Supplied information

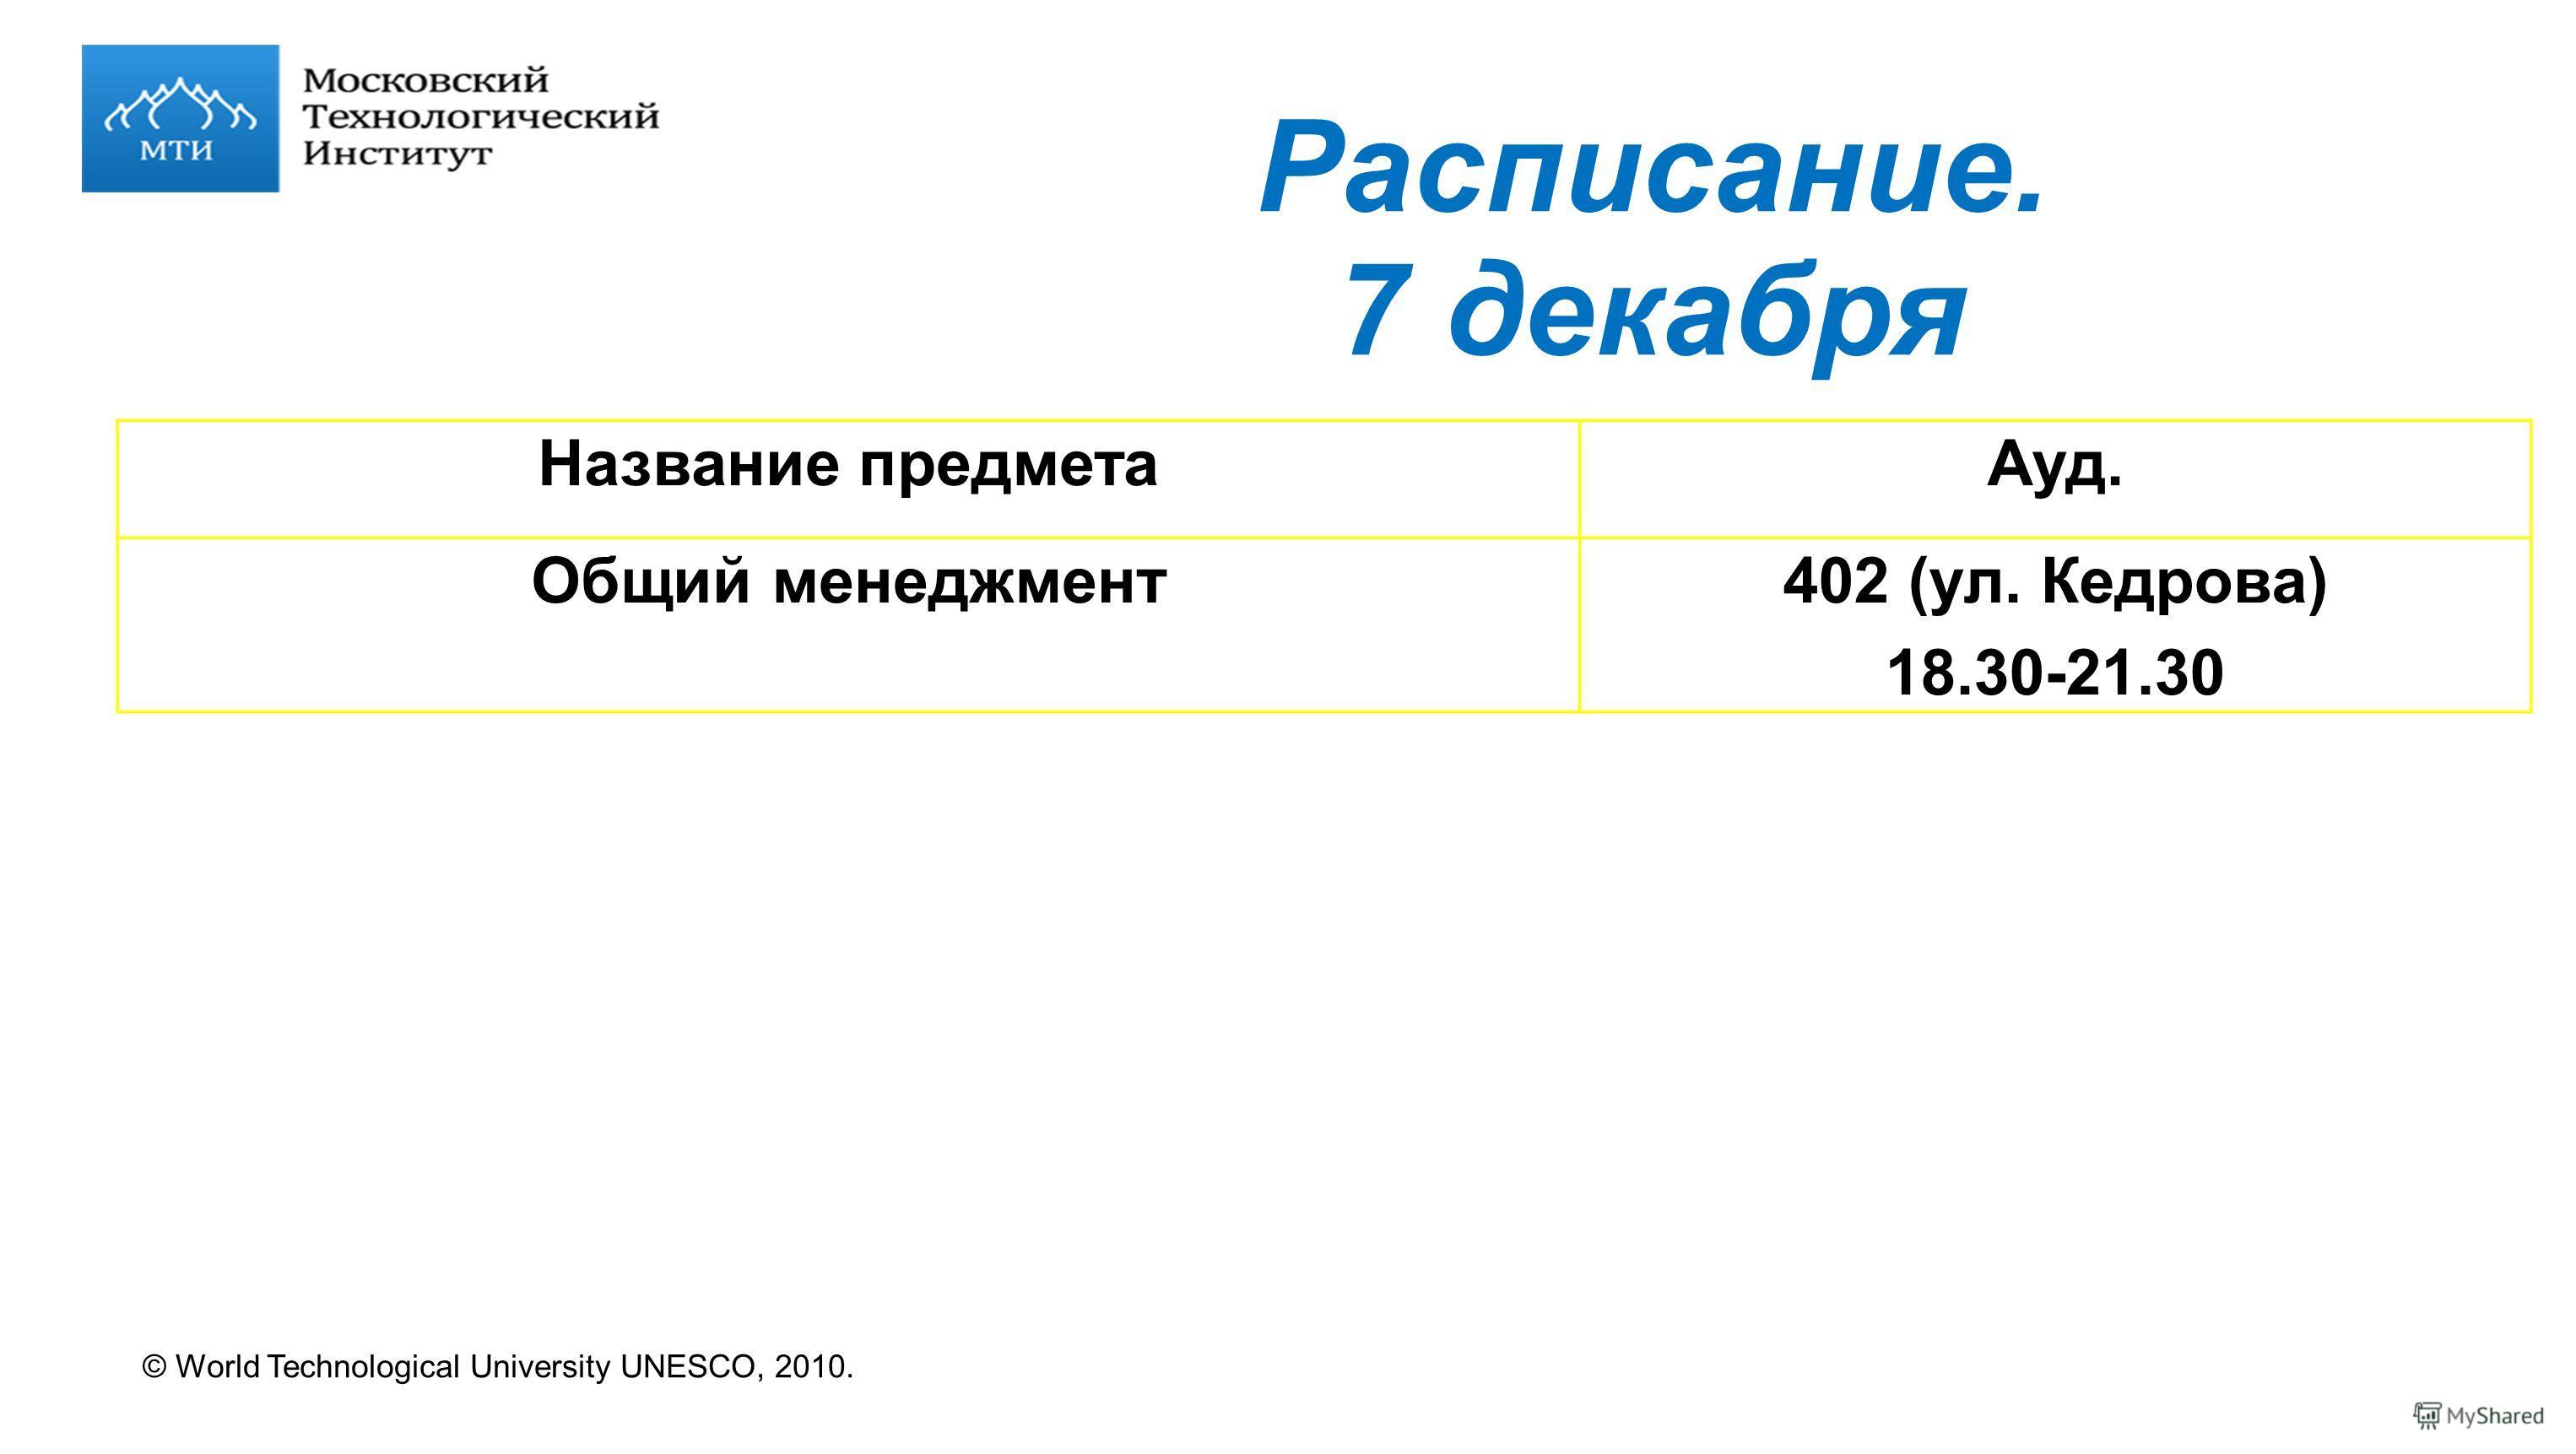 © World Technological University UNESCO, 2010. Расписание. 7 декабря Название предметаАуд. Общий менеджмент402 (ул. Кедрова) 18.30-21.30
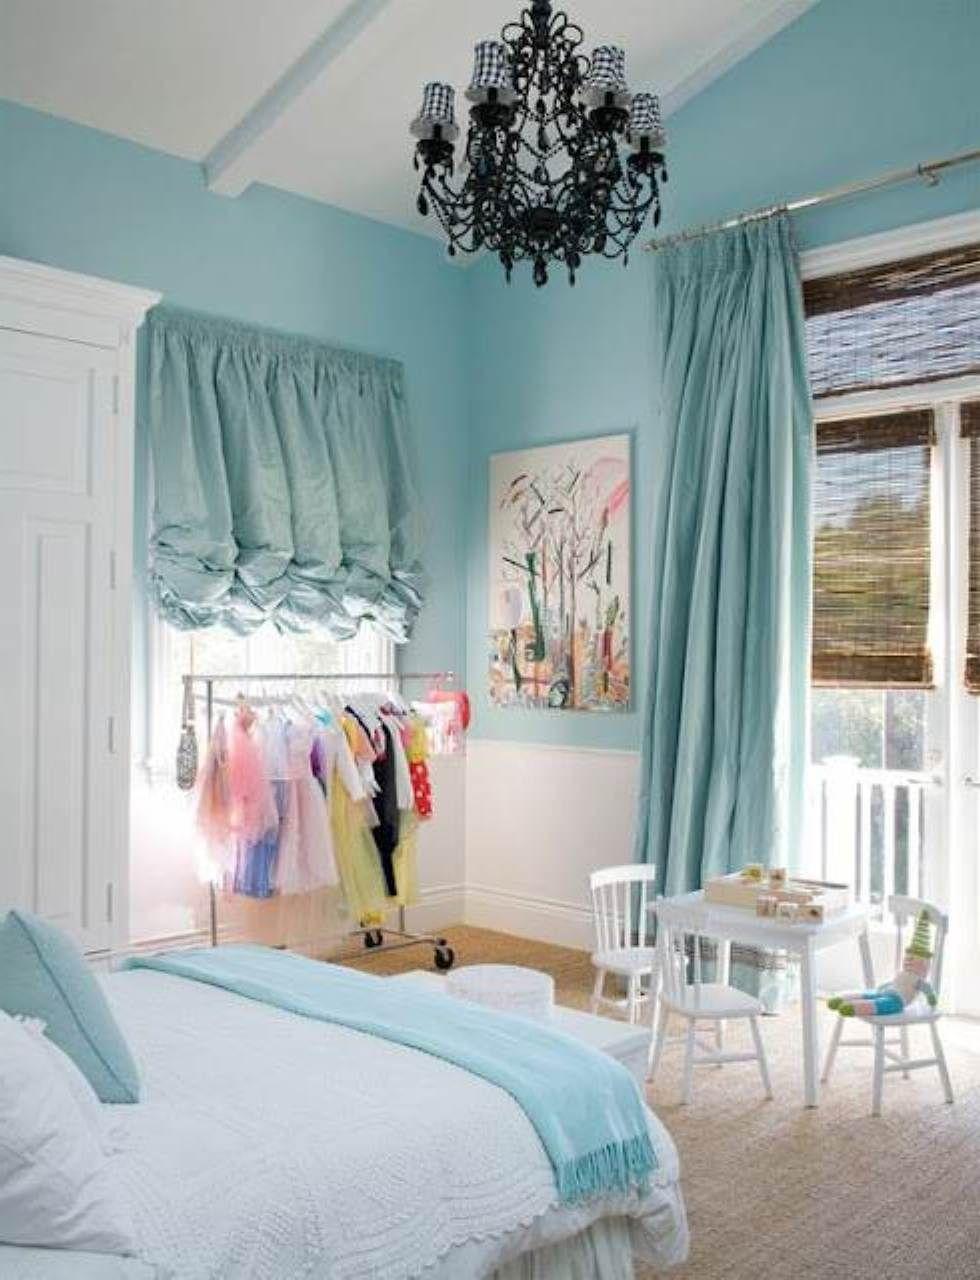 Bedroom Designs For Little Girls Decorating Ideas For Little Girl Bedrooms  Bedrooms Big Girl
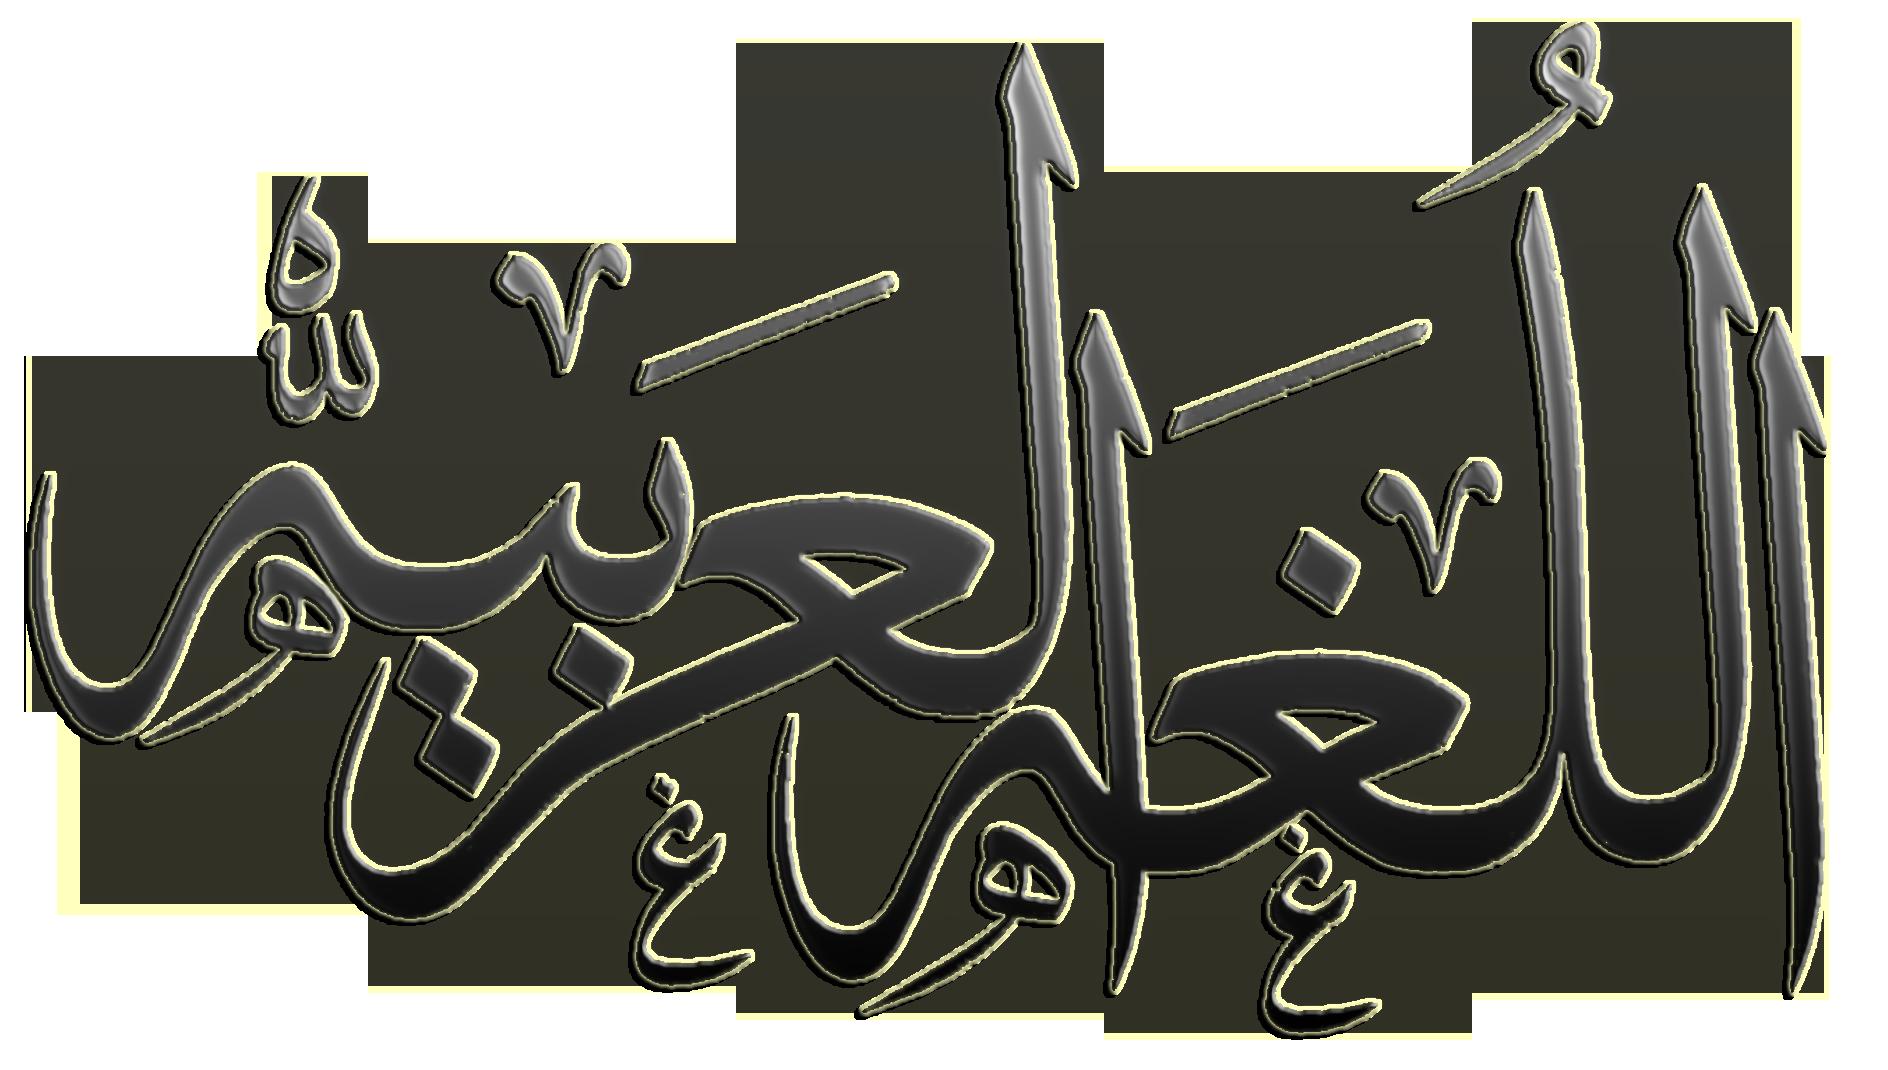 j'adore la langue arabe

Task prompt
Please retype the listing in full, exactly as given, and skip every image.

Response area
 © World Technological University UNESCO, 2010. Расписание. 7 декабря Название предметаАуд. Общий менеджмент402 (ул. Кедрова) 18.30-21.30
 Bedroom Designs For Little Girls Decorating Ideas For Little Girl Bedrooms  Bedrooms Big Girl
 j'adore la langue arabe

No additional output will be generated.